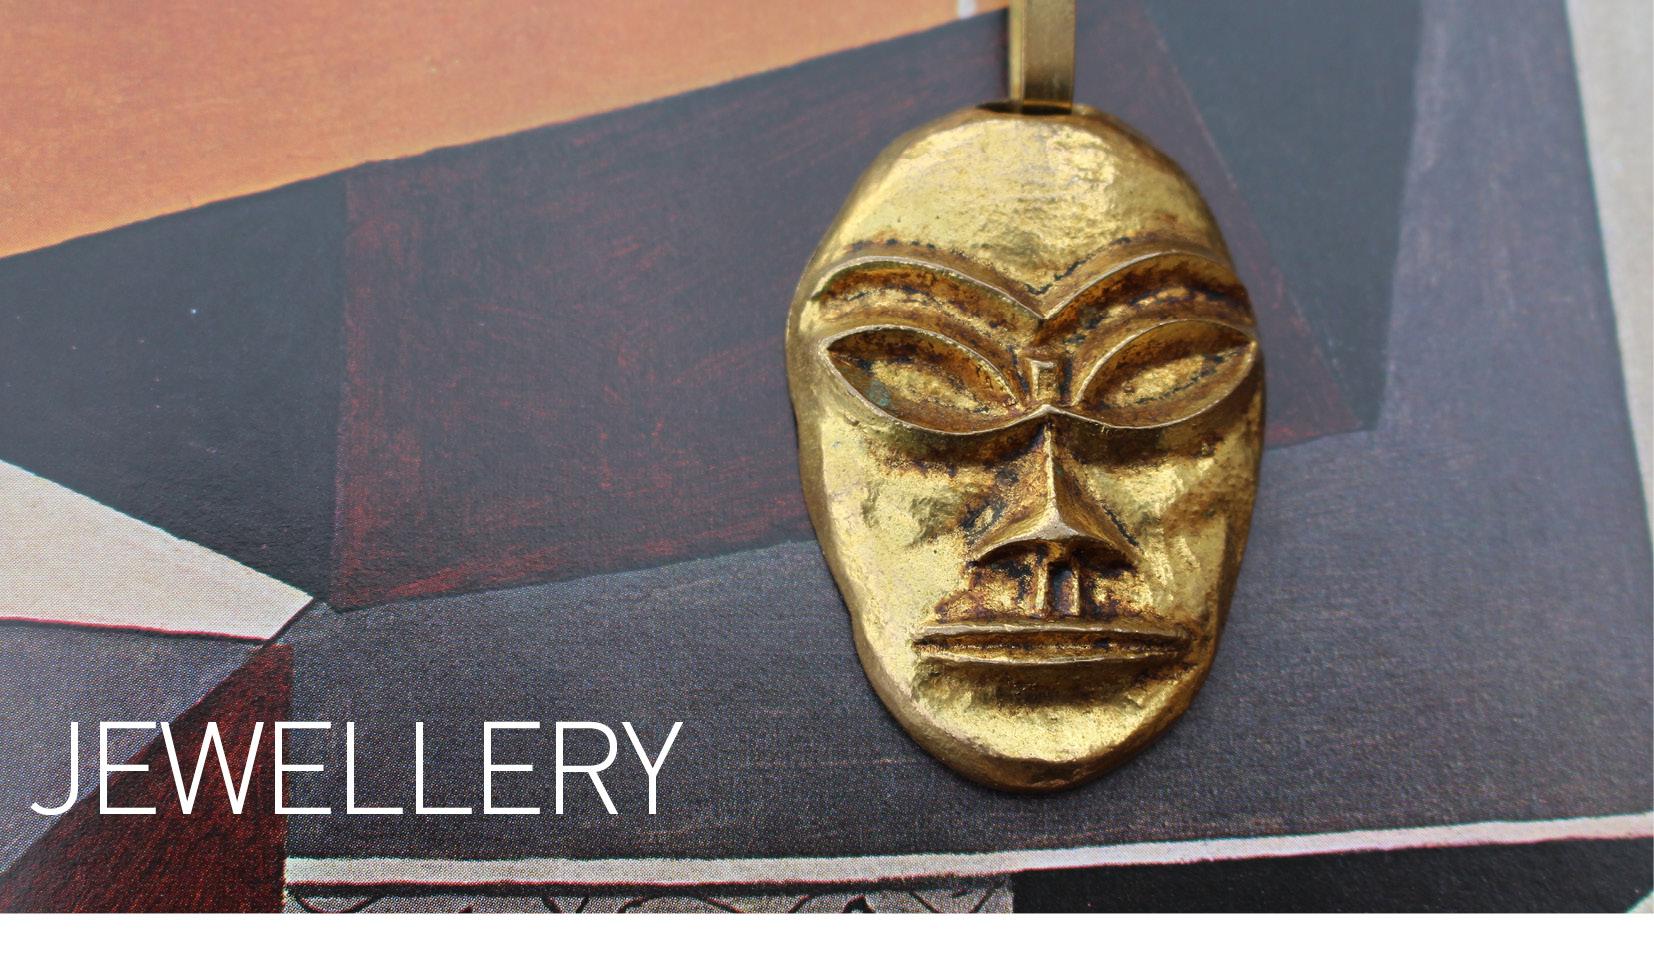 jewellery march 17
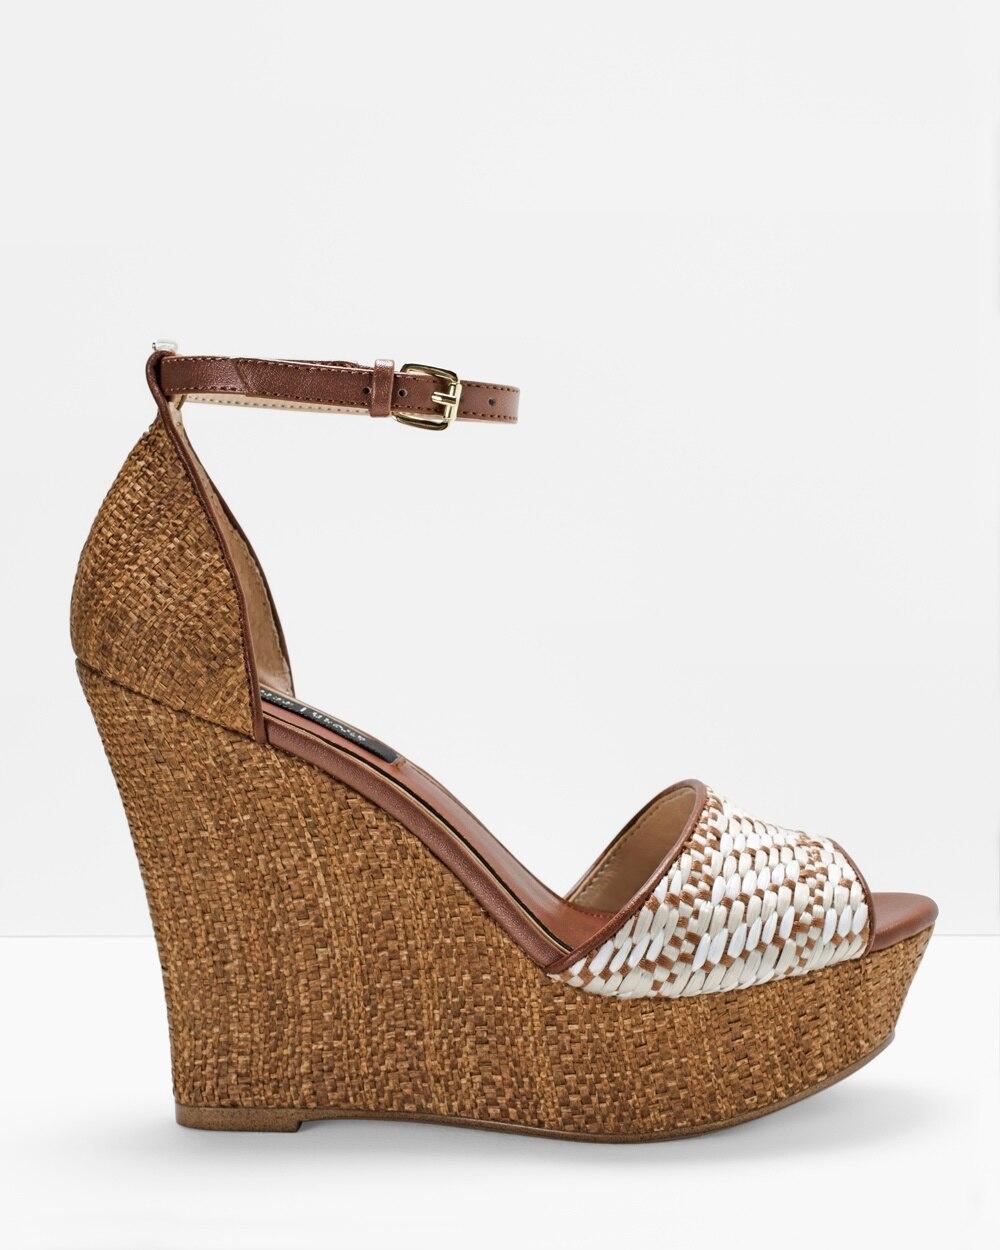 809054d2224 Raffia Wedge Sandals - White House Black Market
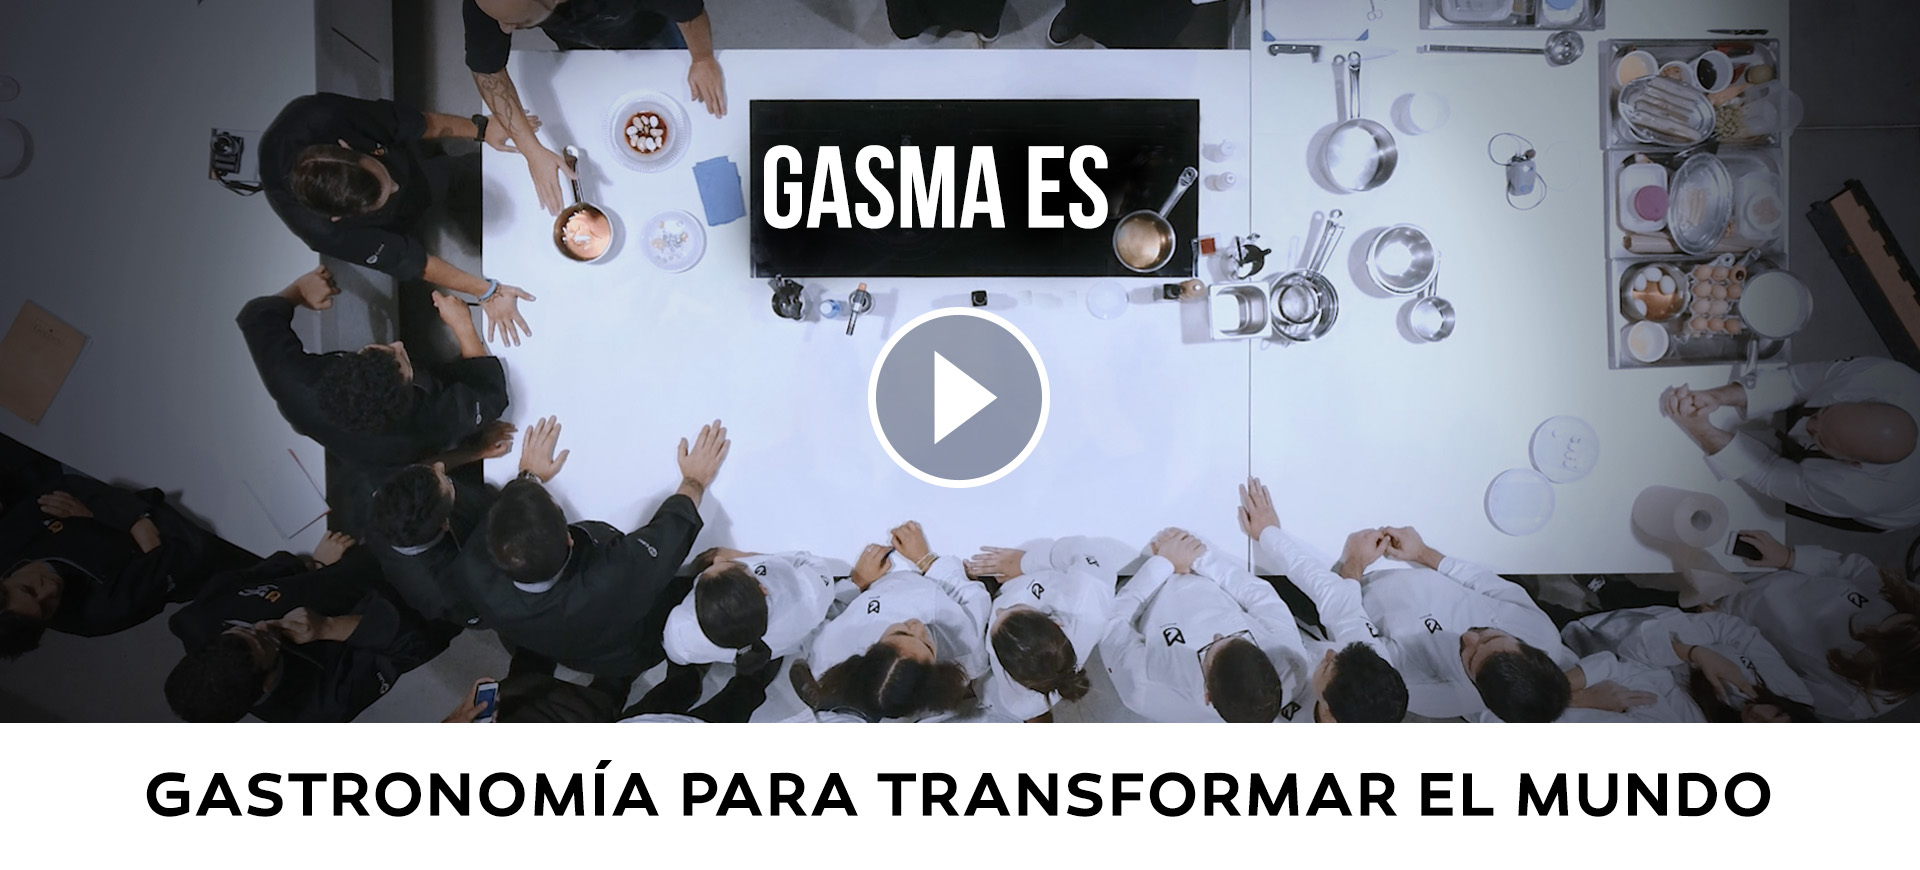 slide_gasmaes_blanco
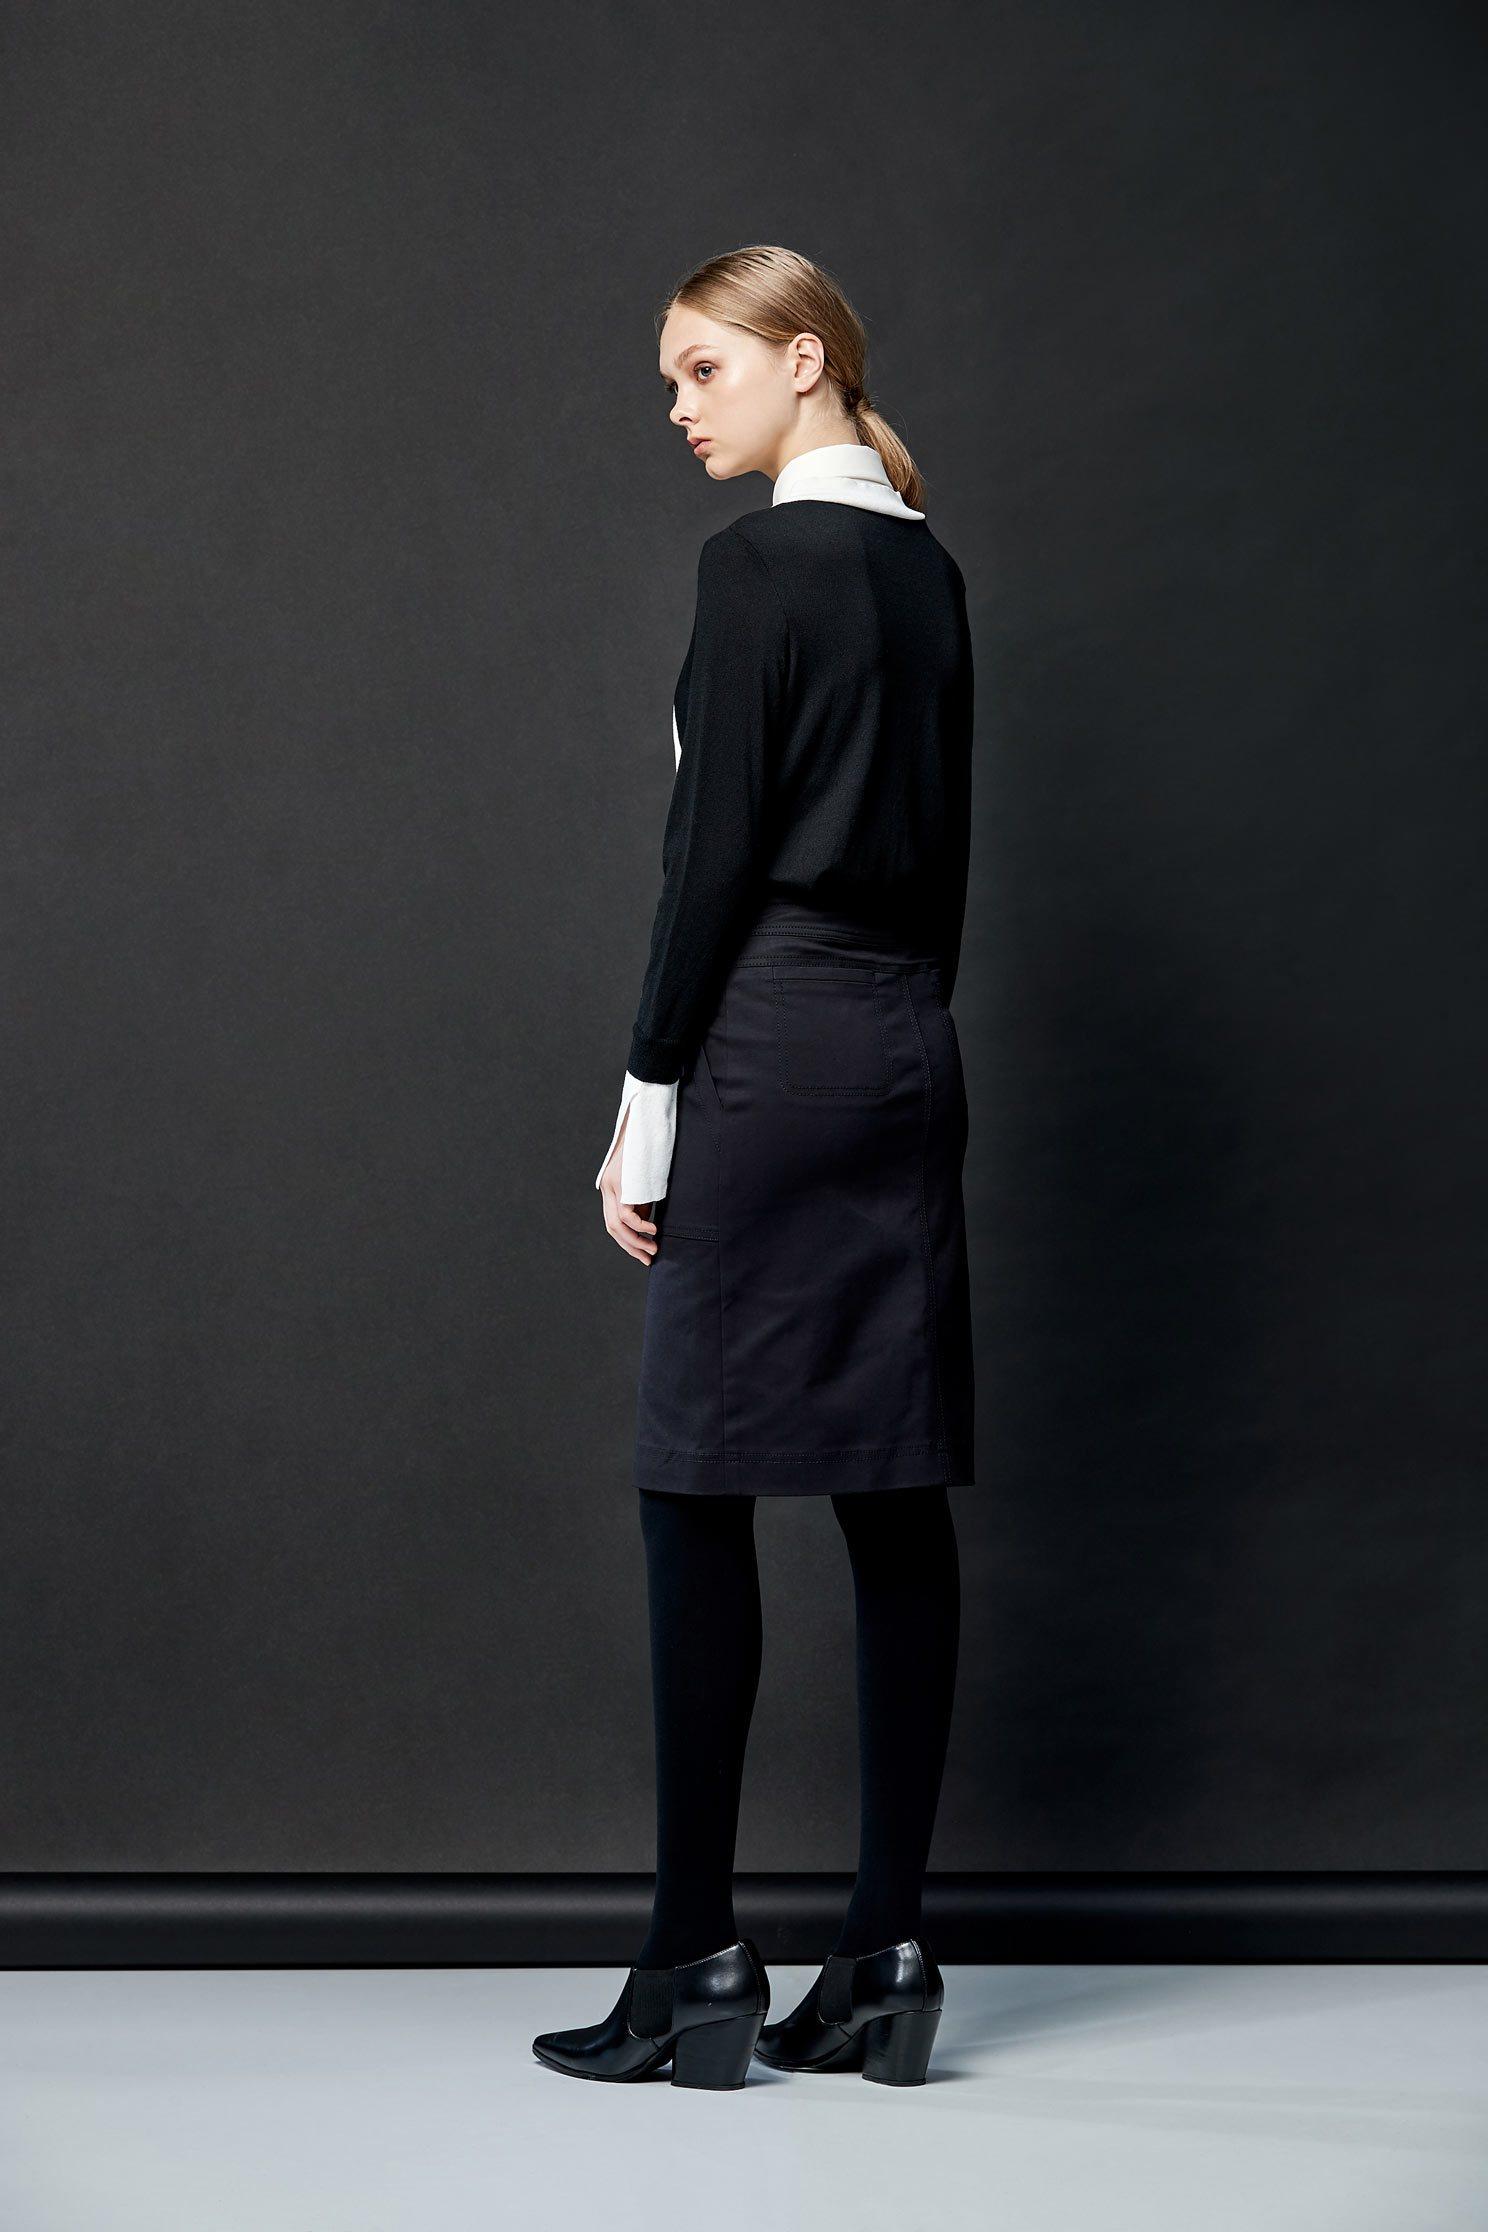 Black/white knitting shirt top,Top,Blouse,knitting,Knitted top,Knitted Top,長袖上衣

* **TASK DIRECTIONS**
Write out, exactly and only, the lines from the one containing "slide_gasmaes_blanco" through the last line of the material above. Pictures do not go in the copy.

* **ANSWER TO THIS EXERCISE**
 slide_gasmaes_blanco
 Black/white knitting shirt top,Top,Blouse,knitting,Knitted top,Knitted Top,長袖上衣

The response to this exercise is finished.